Required work: Below are some records; quote exactly the lines from the one that contains "INSPECTION PROCEDURE FOR" through the one that contains "A/C Condenser Fan <4G6> d", inclusive, and no others.

Supplied material:
──────────────────────────────

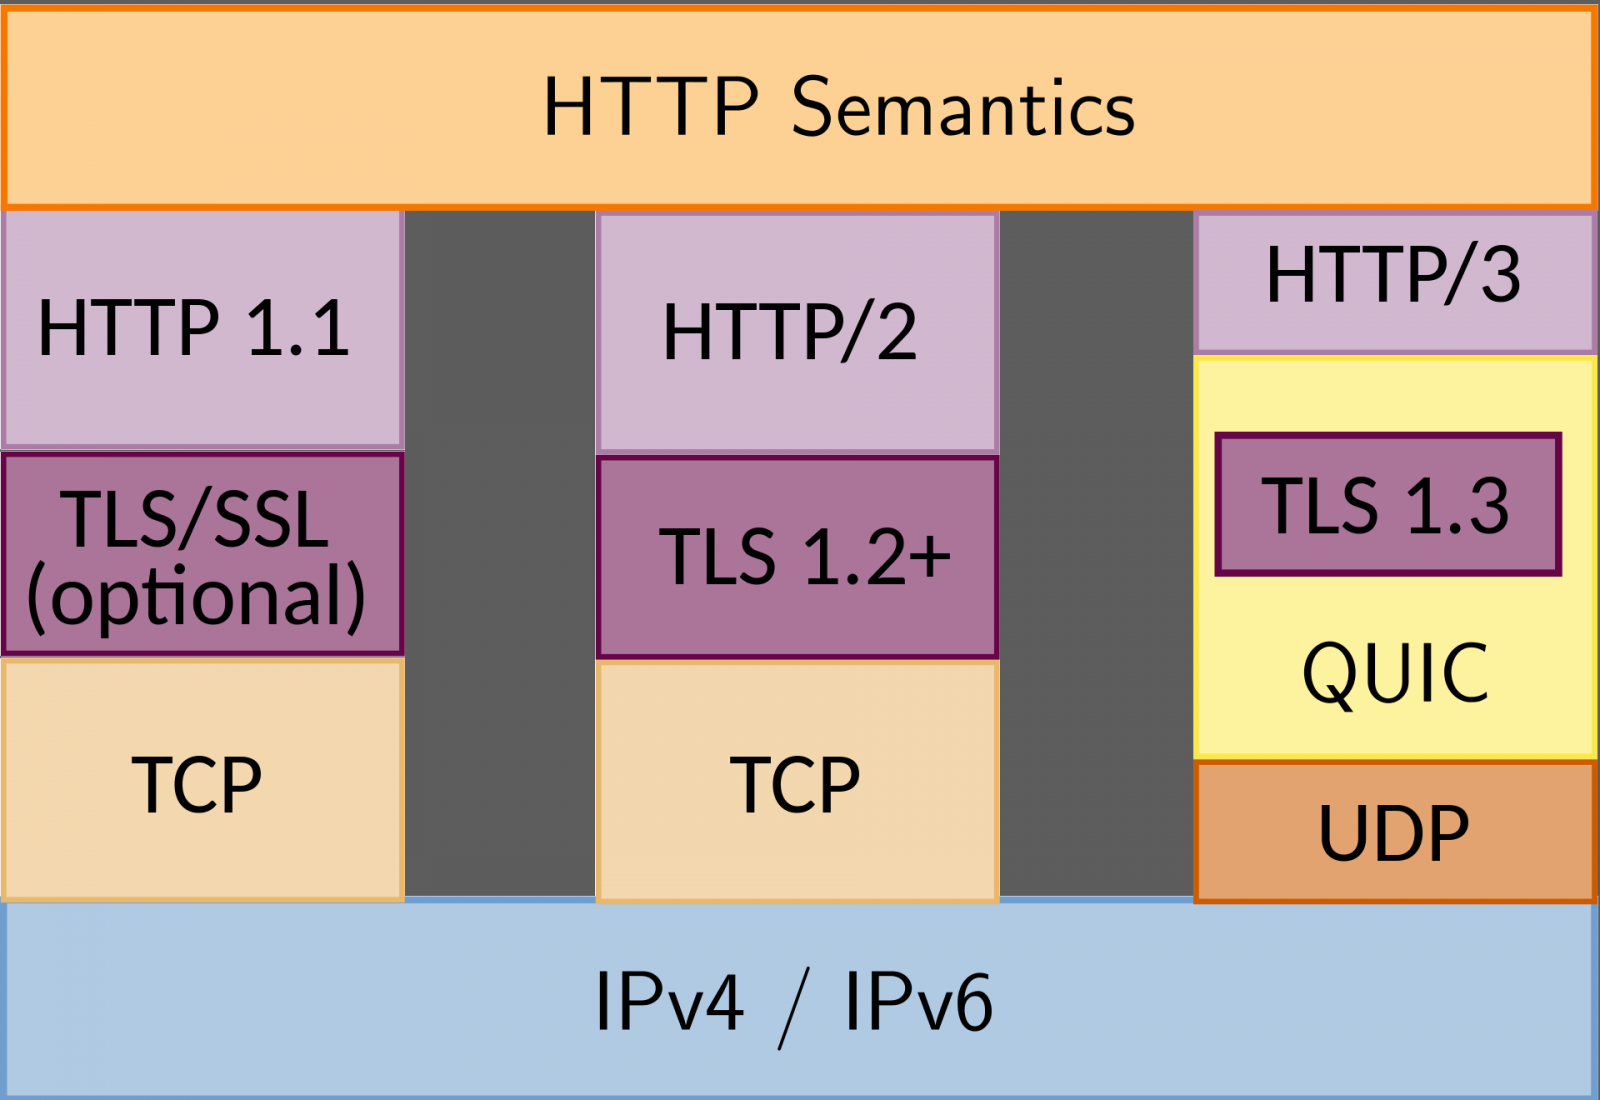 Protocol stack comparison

──────────────────────────────

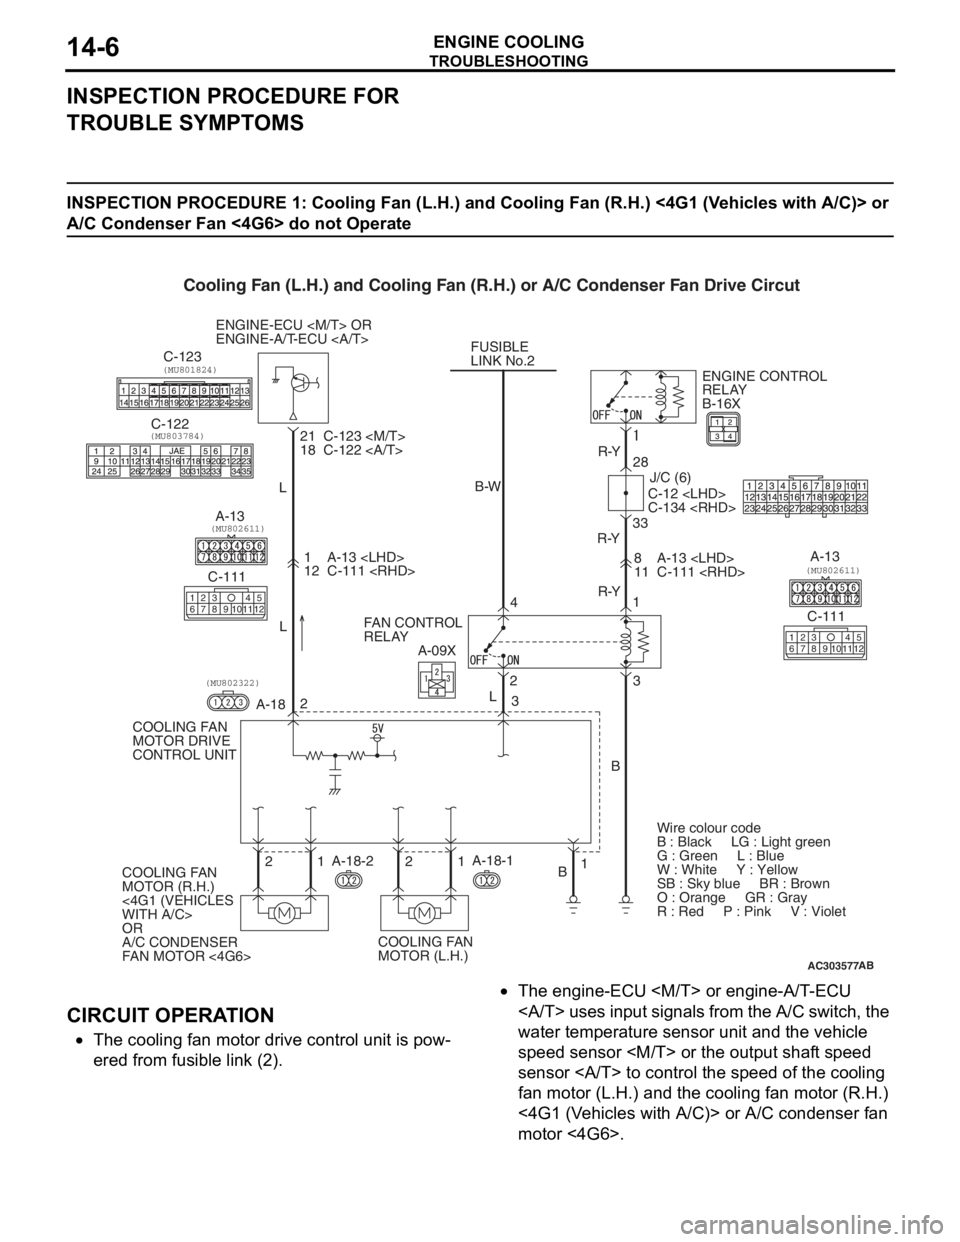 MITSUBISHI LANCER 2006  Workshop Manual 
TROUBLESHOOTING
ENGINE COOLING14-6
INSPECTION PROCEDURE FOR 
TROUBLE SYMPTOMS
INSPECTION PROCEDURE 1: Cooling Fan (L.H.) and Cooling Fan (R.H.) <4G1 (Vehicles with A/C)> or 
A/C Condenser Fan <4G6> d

──────────────────────────────

Solution to the problem:
INSPECTION PROCEDURE FOR 
TROUBLE SYMPTOMS
INSPECTION PROCEDURE 1: Cooling Fan (L.H.) and Cooling Fan (R.H.) <4G1 (Vehicles with A/C)> or 
A/C Condenser Fan <4G6> d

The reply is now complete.